With over 35 years of gaming experience, Robert ‘DesertEagle’ Allen is Tech-Gaming’s resident worrier/warrior who spends his days teaching at three colleges and his nights devoted to JRPGs.

32 comments

  1. 28% percent ain’t nothing to sneeze over. So how much are they retailing for?

  2. Some should make a USB Nunchuck. That shouldn’t cost more than $15 and you don’t have to deal with velcro.

  3. This looks like a jerry-rigged POS. No on did anyone get higher scores using that.

  4. It seems like it might help, but you still have 10 other keys to press for most games. Noobs will still bet owned.

  5. This reads like a thesis project. It’s boring, bro. and the stick looks like trash. No body wants it.

  6. You should be able to superglue that thing in place on an old keyboard. That’s a quick and dirty hack anyone can do.

  7. I really couldn’t much any info about the stick other than press releases.

    When’s it coming out?
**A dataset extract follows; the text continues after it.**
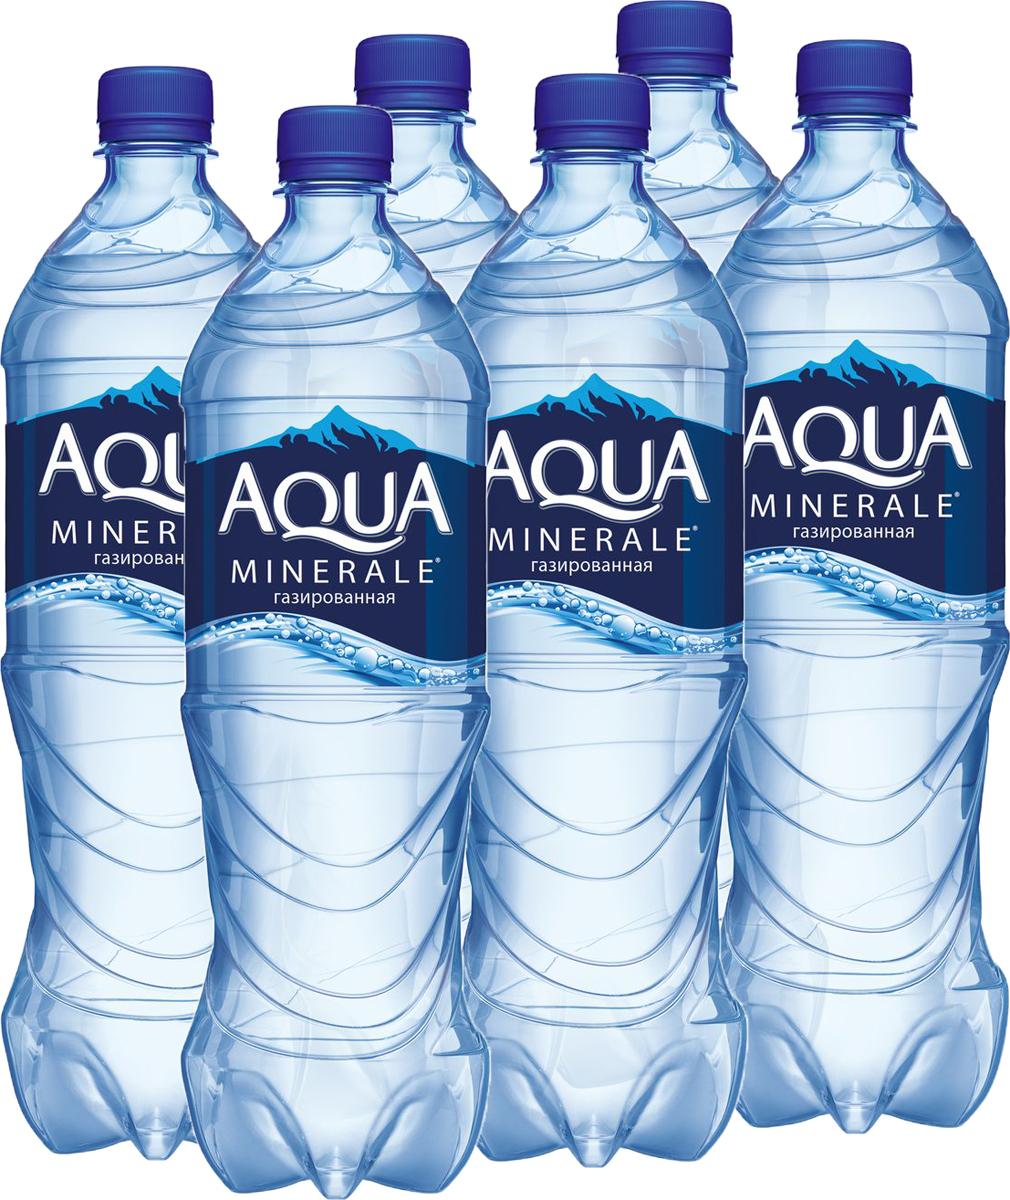 Aqua Minerale вода газированная питьевая, 12 штук по 1 л340030086_блокиAqua Minerale – газированная вода с удивительно мягким вкусом.О бренде:Aqua Minerale — питьевая вода с удивительно мягким вкусом.Появившись в России в 1995 году, бренд стал одним из первых в сегменте питьевой бутилированной воды. С тех пор марка полюбилась потребителям и остается одной из самых популярных на рынке — ежедневно в России продается более 700 тысяч бутылок Aqua Minerale. Сейчас в портфеле бренда негазированная и газированная вода, линейка Aqua Minerale Active, обогащенная витаминами и минералами, а также линейка Aqua Minerale с соком, представленная в 4-х вкусах: лимон, черешня, мята-лайм, яблоко.

How much will it cost?

    Otherwise, great in-depth study. Consumer Reports meets Nintendo Power.

  8. Ive tried the Raven, but I prefer the Logitech G13. You can get it at Newegg for $65 or so. Worth every penny, IMO.

  9. What’s so hard about pressing four keys? You had to do that on the old NES controller. I swear gamers now are crying babies.
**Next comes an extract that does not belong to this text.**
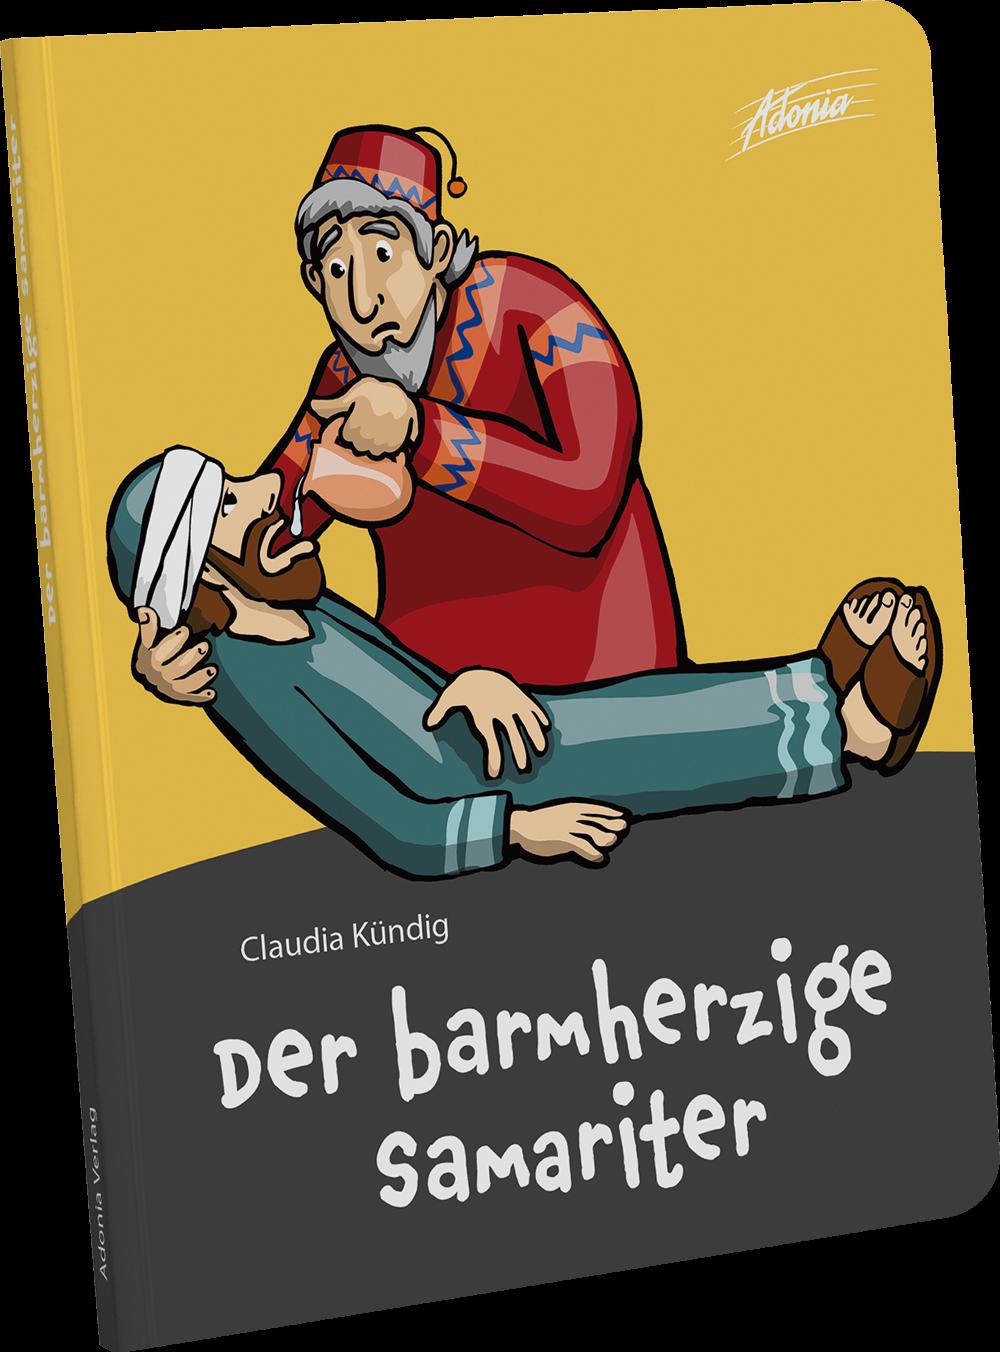 Der barmherzige Samariter - Bilderbuch

    • Spoken like a true elitist PC gamer.

      There’s a sizable difference between a D-pad and arrow keys. Instead of using only your thumb for movement, you’re having to dance a couple of fingers on the arrow keys. This doesn’t necessarily feel natural to those who play games on consoles and can lead to frustration. PC gamers are the same way. Usually, they can’t stand dual-analog stick controls on consoles because it “doesn’t feel right” to them. Motion and touch screen controls could also be mentioned in the same manner. Different strokes for different folks.

    • Those four keys are surrounded by 30 other similar keys. That’s the problem. Keyboards were designed for typing, not playing games. Talk to me in 10 years when your wrists are killing you about the advantage of M/KB

    • Here’s the thing:

      You shouldn’t have to think about controls. Now, I know you don’t because you’re the god of gaming. But I’m not. I have a job, a wife, and mortgage meaning I have about 6 hours a week tops for gaming. Of course, some of that is spent reading about the hobby on this site and others. So, with that 3-4 hours a week, I can’t be a gaming expert and I’ll take anything that helps me out. If you think this training wheels meant for babies, I don’t care. I play for my own enjoyment, not to make others happy.

  10. Astro Tripper you can play with a controller, most games there day allow a 360 wired controller to be plugged in.

    For FPS, this device looks like it might have sense. Still, looks cheap.

    • Still there are some games (that aren’t FPS) that force you to use a keyboard. The Binding of Isaac for one. I could see this helping.

  11. Good review. How long did it take you for the whole test?

  12. Sounds and looks like crap. How are you supposed to hit the keys above the stick?

  13. If it’s 5 or 10 bucks and helps people, why are other people getting all bent out of shape over this?

  14. What is it about some PC gamers- is something is super hardcore they piss all over it and call it crap. Anything ported from console? crap. Any attempt to make games easier to play? crap!

    Hey, it looks a little piece of plastic that at least a step in the right direction. I say good for the makers.

  15. Seems like anyone who like PC gaming these days should buy an extra controller.

  16. Why do the pics just show the MiniStick on the cursor keys?

  17. I’d probably pick up up if it was less than $10. My fingers always lose their way on the keys.

  18. Where can I order one?

  19. Did you try here: http://ministickstore.com/

    I see an order button.

  20. Yeah, you can’t order one on the site which kind of sucks.